We have this thing called batched column store, where we store more values in a single RocksDB key. We map our document’s primary key into doc ID, which you can imagine is just a monotonically increasing integer. Then we have a map between a column and doc ID range into a batch of values. We made the RocksDB overhead once per batch instead of once per value. We have no RocksDB operations at all in our tight loop. If you look at our CPU profile of Rockset today, there’s very little RocksDB there on the query workers. This is somewhat of a side note. This is what we also offer, which is a clustered column store, where instead of column and doc ID range, we have column and cluster key range, which maps to batch of values.
The benefit of clustered column store is we can do cluster pruning, where we can decide ahead of time, we don’t care about this cluster, because of our predicates that we run. The challenges here is we have a challenge of dynamic mapping, where cluster key can change. We have fully mutable documents, and if the cluster key changes, you have to move the document from one cluster to another. This is still within a single shard, so it’s a much smaller problem. It’s still some coordination overhead within a particular process. Then, if the cluster grows too big, because now we have this dynamic mapping, we have to split it. Those are the challenges we have fixed. It does add some amount of overhead, but the cluster pinning makes it worth it.
The challenge then becomes, if I go to store a batch of values in RocksDB, is how do I change it? Let’s say I have a modification, and what we care about here is write amplification. Write amplification is the ratio between how much data you want to change and how much data you actually end up changing. In this case, we want to change just one value. We have this full column, and we want to change the document 1 to the new value of 2. It was 3 before. To do that, we need to rewrite the entire batch. To change 1 byte of value, in this case, if your batch size is 4,000, we need to write 4,000 values into RocksDB. This is super high overhead on our write side. What we can do instead, is we can have a merge update, where RocksDB offers a merge update, where instead of rewriting the whole value, you just have a delta. In this case, our delta could be very small. We can say, change my document 1, the new value is 2. We use this thing called RocksDB merge operators, where we write deltas to the memtable.
Then those deltas are merged together in the process called compaction. When the compaction happens, when two keys come together, then merge operator is invoked, and the new operation is written out. The challenge here is that we also have to compute this result during the read time. If you have the base, and then you have deltas, that merging happens during the read time. This is a side note for people who used RocksDB before, the API of RocksDB is not good in this regard, where it asks the merge operator, it’s a callback that takes these operands and produces a value. It produces the value in a string format. If you think about what merge operator has to do, it has to take all of these operands, decode them, merge them.
Then because RocksDB has a string interface, it has to serialize it, give it to RocksDB. RocksDB gives this to our application, and now we have to deserialize this again. We have this serialize, deserialize that’s completely unnecessary. To work around this API limitation, we have this thing called lazy merge operator. I don’t know why it’s called lazy. I think because it doesn’t do anything. It doesn’t actually merge anything. It just gives us the operands through this thread_local side channel, where we say, this is a read. We don’t care about the actual result. Tell RocksDB you did, it worked. Just give it an empty string, and give us the operands, and then we do the merge in the application layer.

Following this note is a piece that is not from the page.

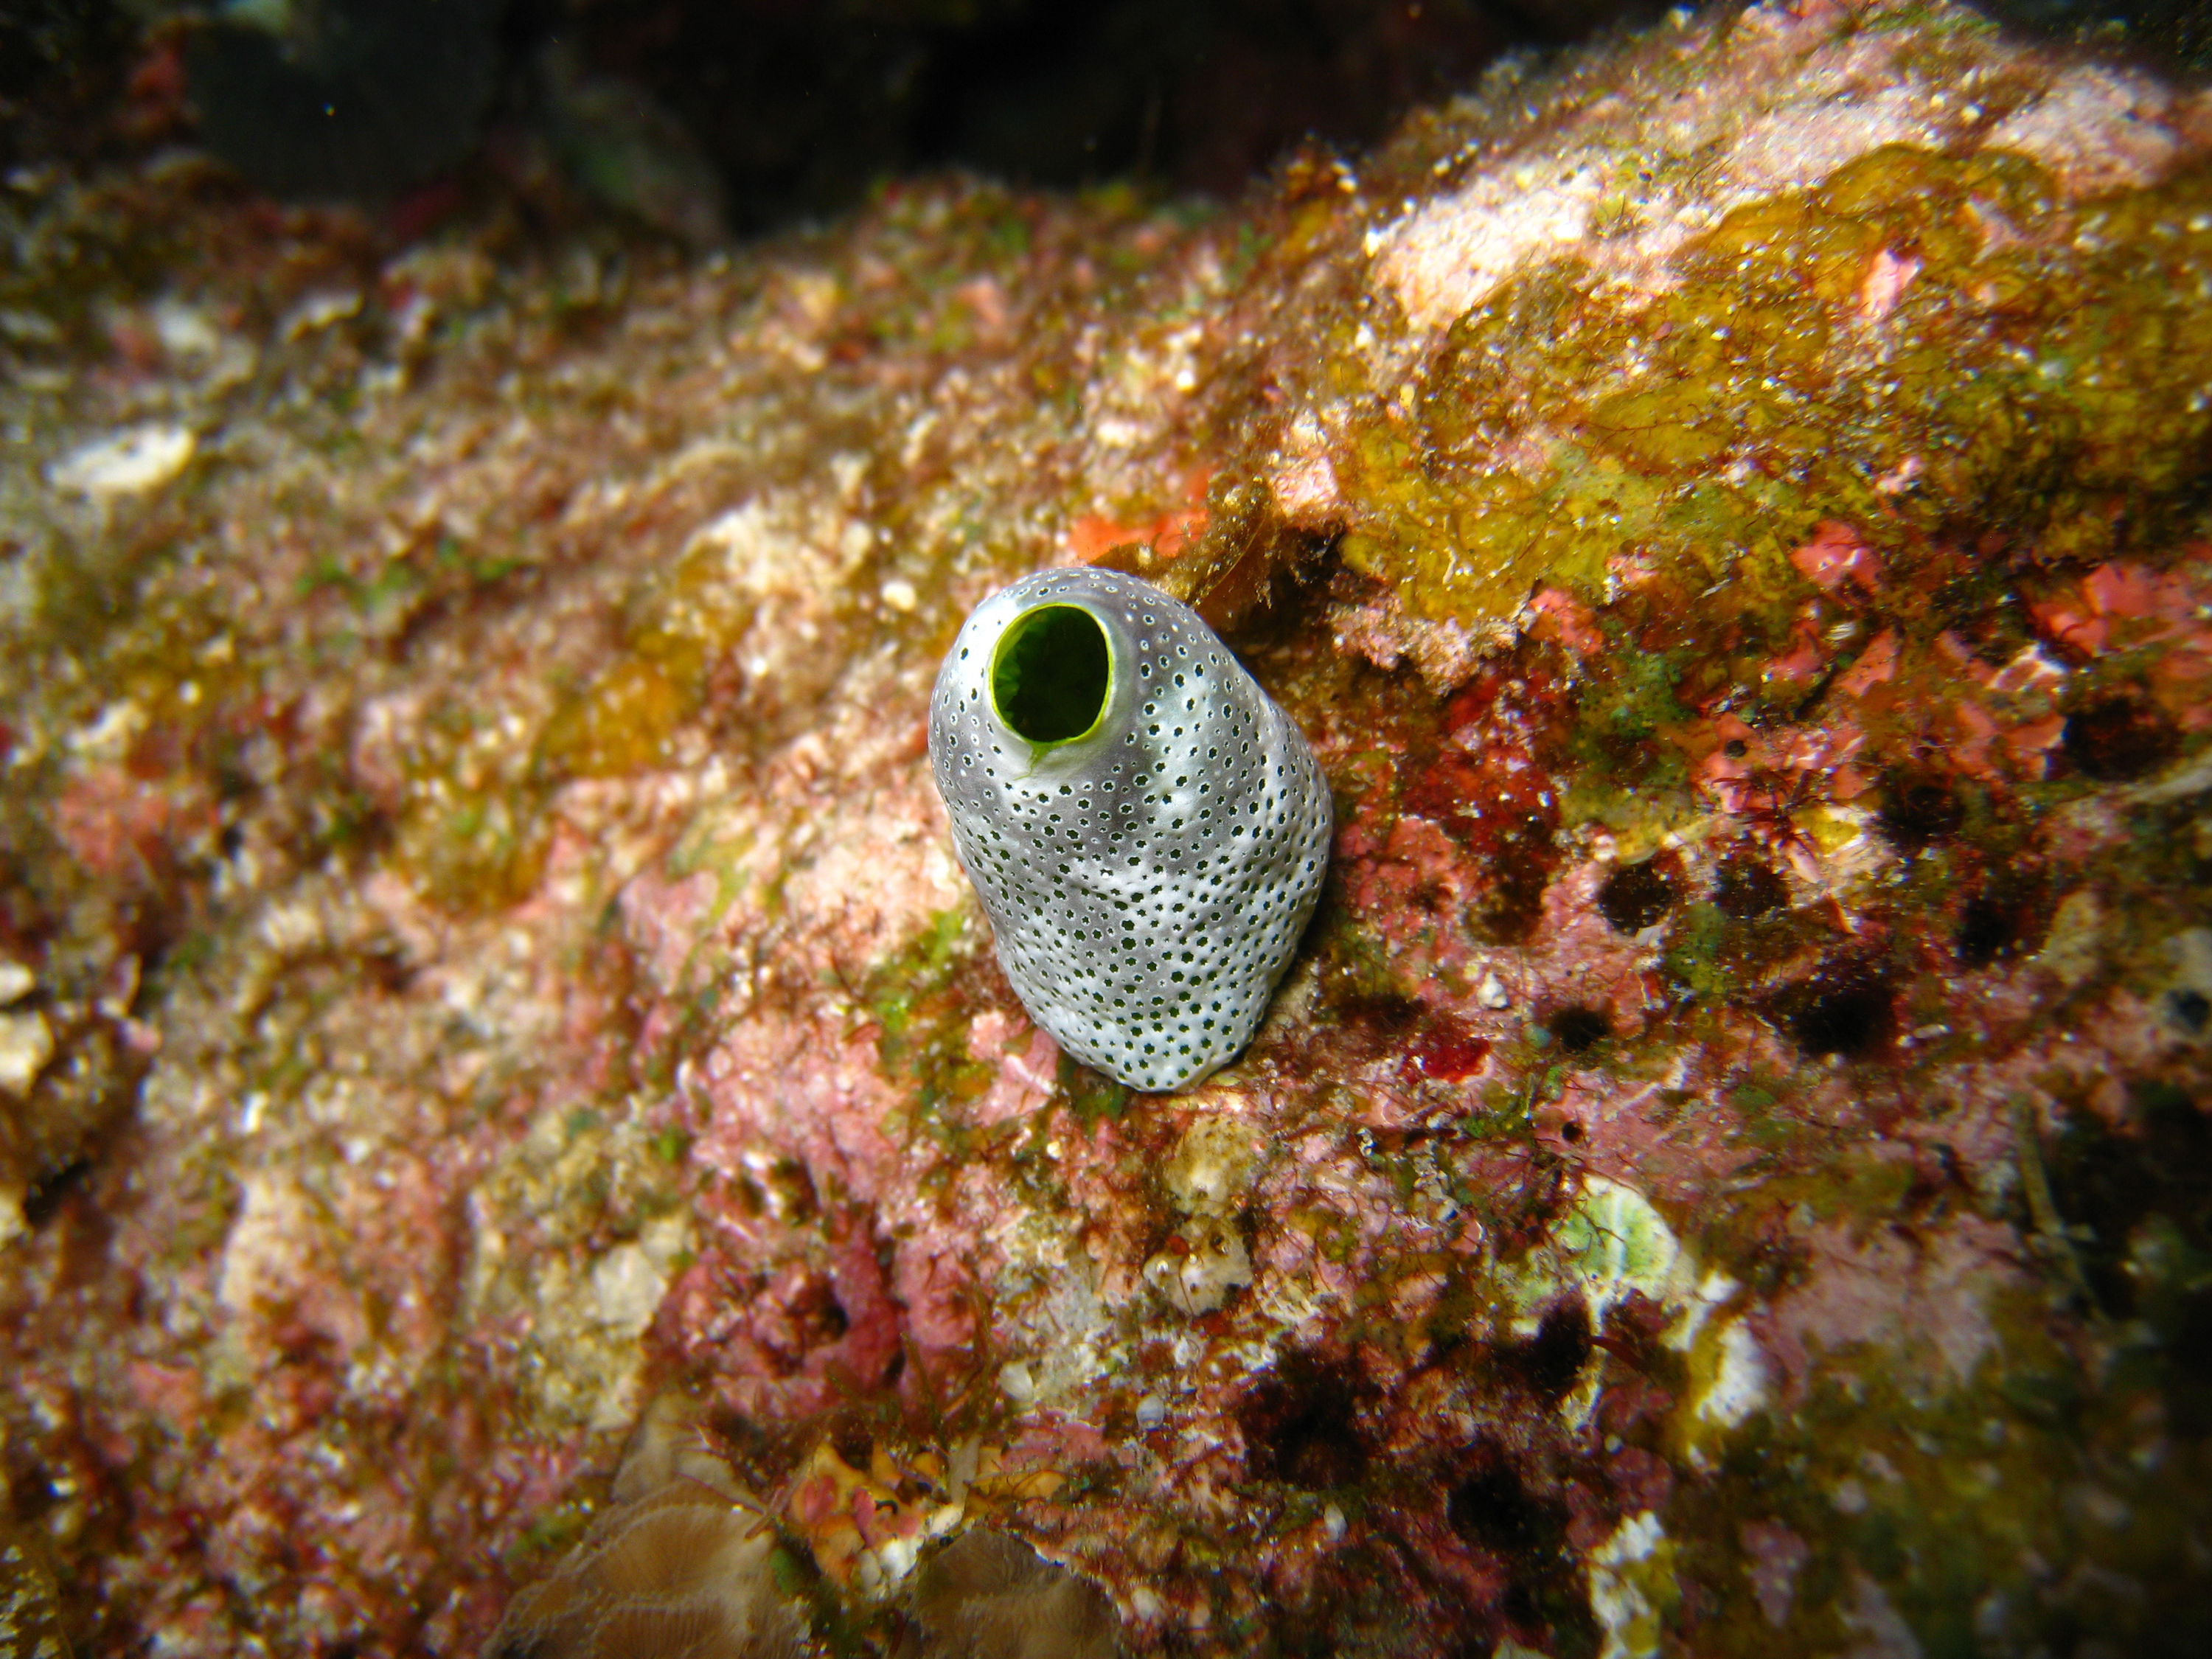 Tiny green and silver sponge

The next challenge is that, you can imagine now there’s a lot of column scans happening. We have high QPS, so a lot of them will repeat the same work again and again. Obviously, if you have a change, then that compute will not repeat. If you have two column scans on the same snapshot of the data, then they will do this merge operation. Both of them will do them. Maybe you can have more than two. The challenge here is that, obviously, if this merge is expensive, what we want to do is we don’t want to repeat that work. How we avoid repeating the work in our system is we want to cache the results post-merge. RocksDB doesn’t offer anything like that out of the box. The only cache that RocksDB offers is a block cache, which caches parts of the file.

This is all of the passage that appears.